The second risk is creating a cyclic alias. As Bash variables are identified by their name and not by their scope, you may inadvertently create an alias to itself (while thinking it would alias a variable from an enclosing scope). This may happen in particular when using common variable names (like var). As a consequence, only use these techniques when you control the name of the aliased variable.

function guillemots() {
  # var is intended to be local to the function,
  # aliasing a variable which comes from outside
  declare -n var="$1"
  var="«${var}»"
}

var='lolilol'
guillemots var  # Bash warnings: “var: circular name reference”
echo "$var"     # outputs anything!

Source:

  • BashFaq/006: How can I use variable variables (indirect variables, pointers, references) or associative arrays?
  • BashFAQ/048: eval command and security issues

Example below returns value of $name_of_var

var=name_of_var
echo $(eval echo "\$$var")

Use declare

There is no need on using prefixes like on other answers, neither arrays.
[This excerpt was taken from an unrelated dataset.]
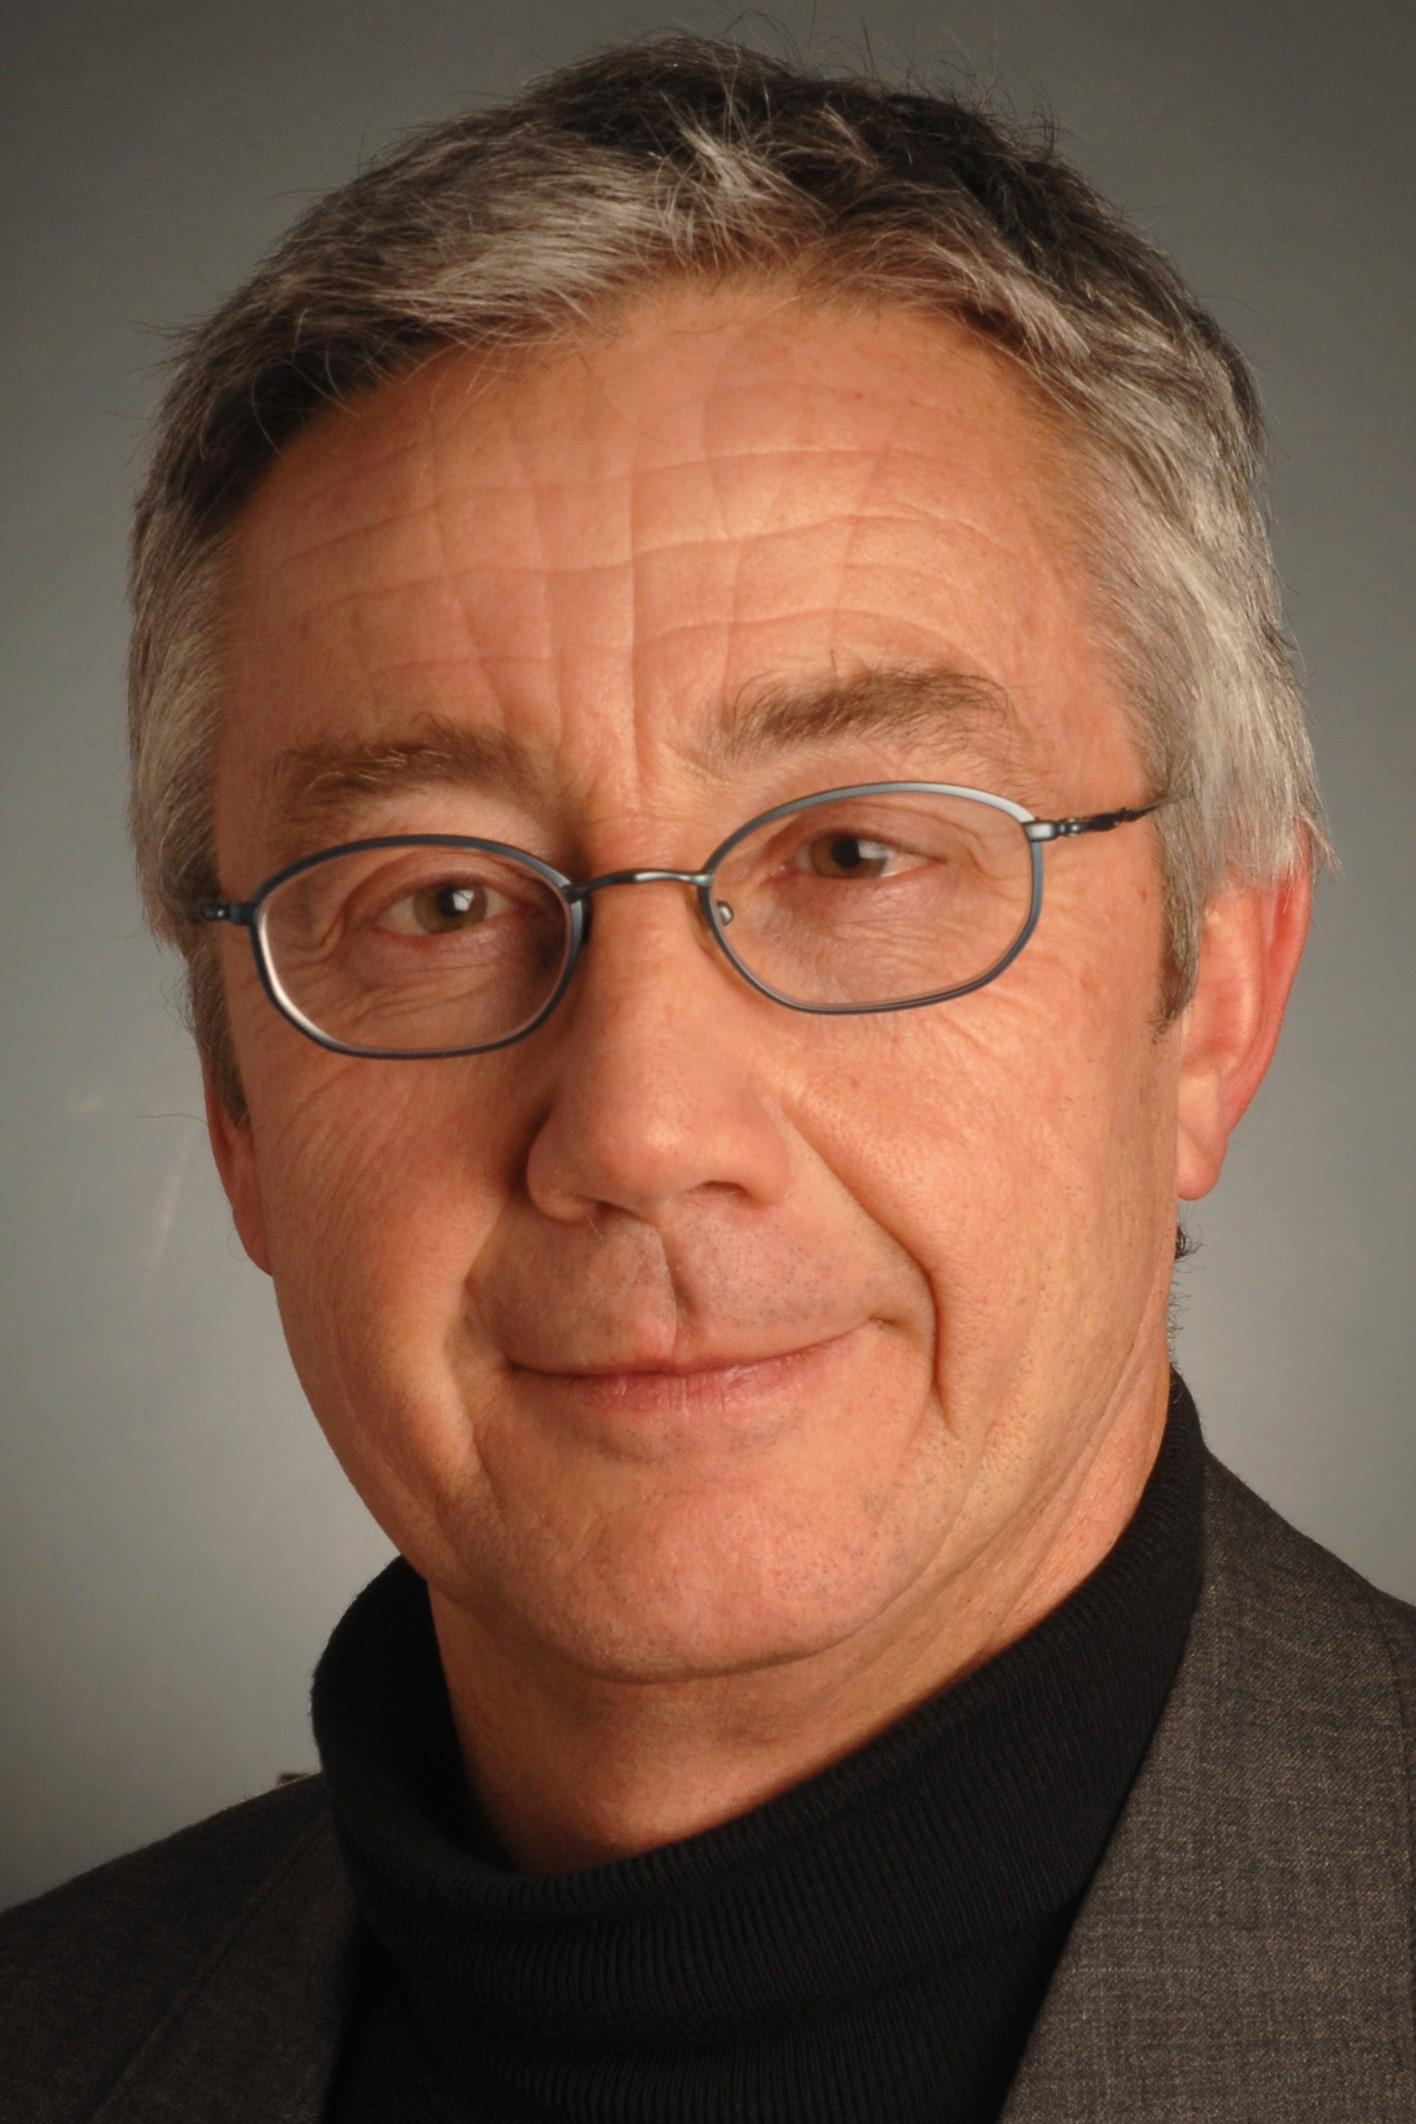 Andreas Stalder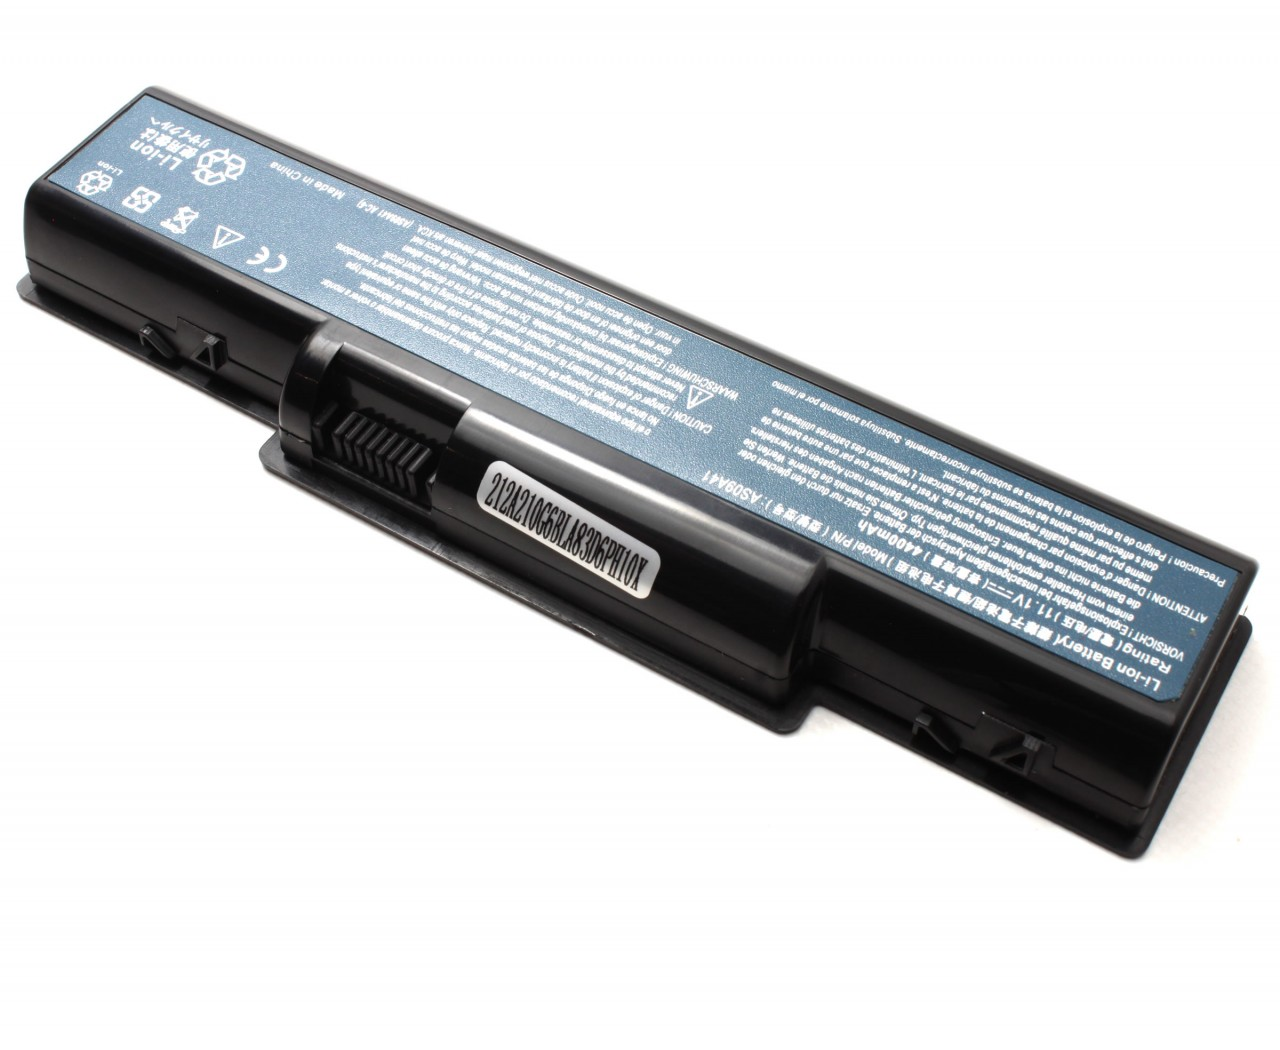 Baterie Packard Bell EasyNote TJ61 Ver.2 imagine powerlaptop.ro 2021

Use just declare, double quotes, and parameter expansion.

I often use the following trick to parse argument lists contanining one to n arguments formatted as key=value otherkey=othervalue etc=etc, Like:

# brace expansion just to exemplify
for variable in {one=foo,two=bar,ninja=tip}
do
  declare "${variable%=*}=${variable#*=}"
done
echo $one $two $ninja 
# foo bar tip

But expanding the argv list like

for v in "$@"; do declare "${v%=*}=${v#*=}"; done

Extra tips

# parse argv's leading key=value parameters
for v in "$@"; do
  case "$v" in ?*=?*) declare "${v%=*}=${v#*=}";; *) break;; esac
done
# consume argv's leading key=value parameters
while (( $# )); do
  case "$v" in ?*=?*) declare "${v%=*}=${v#*=}";; *) break;; esac
  shift
done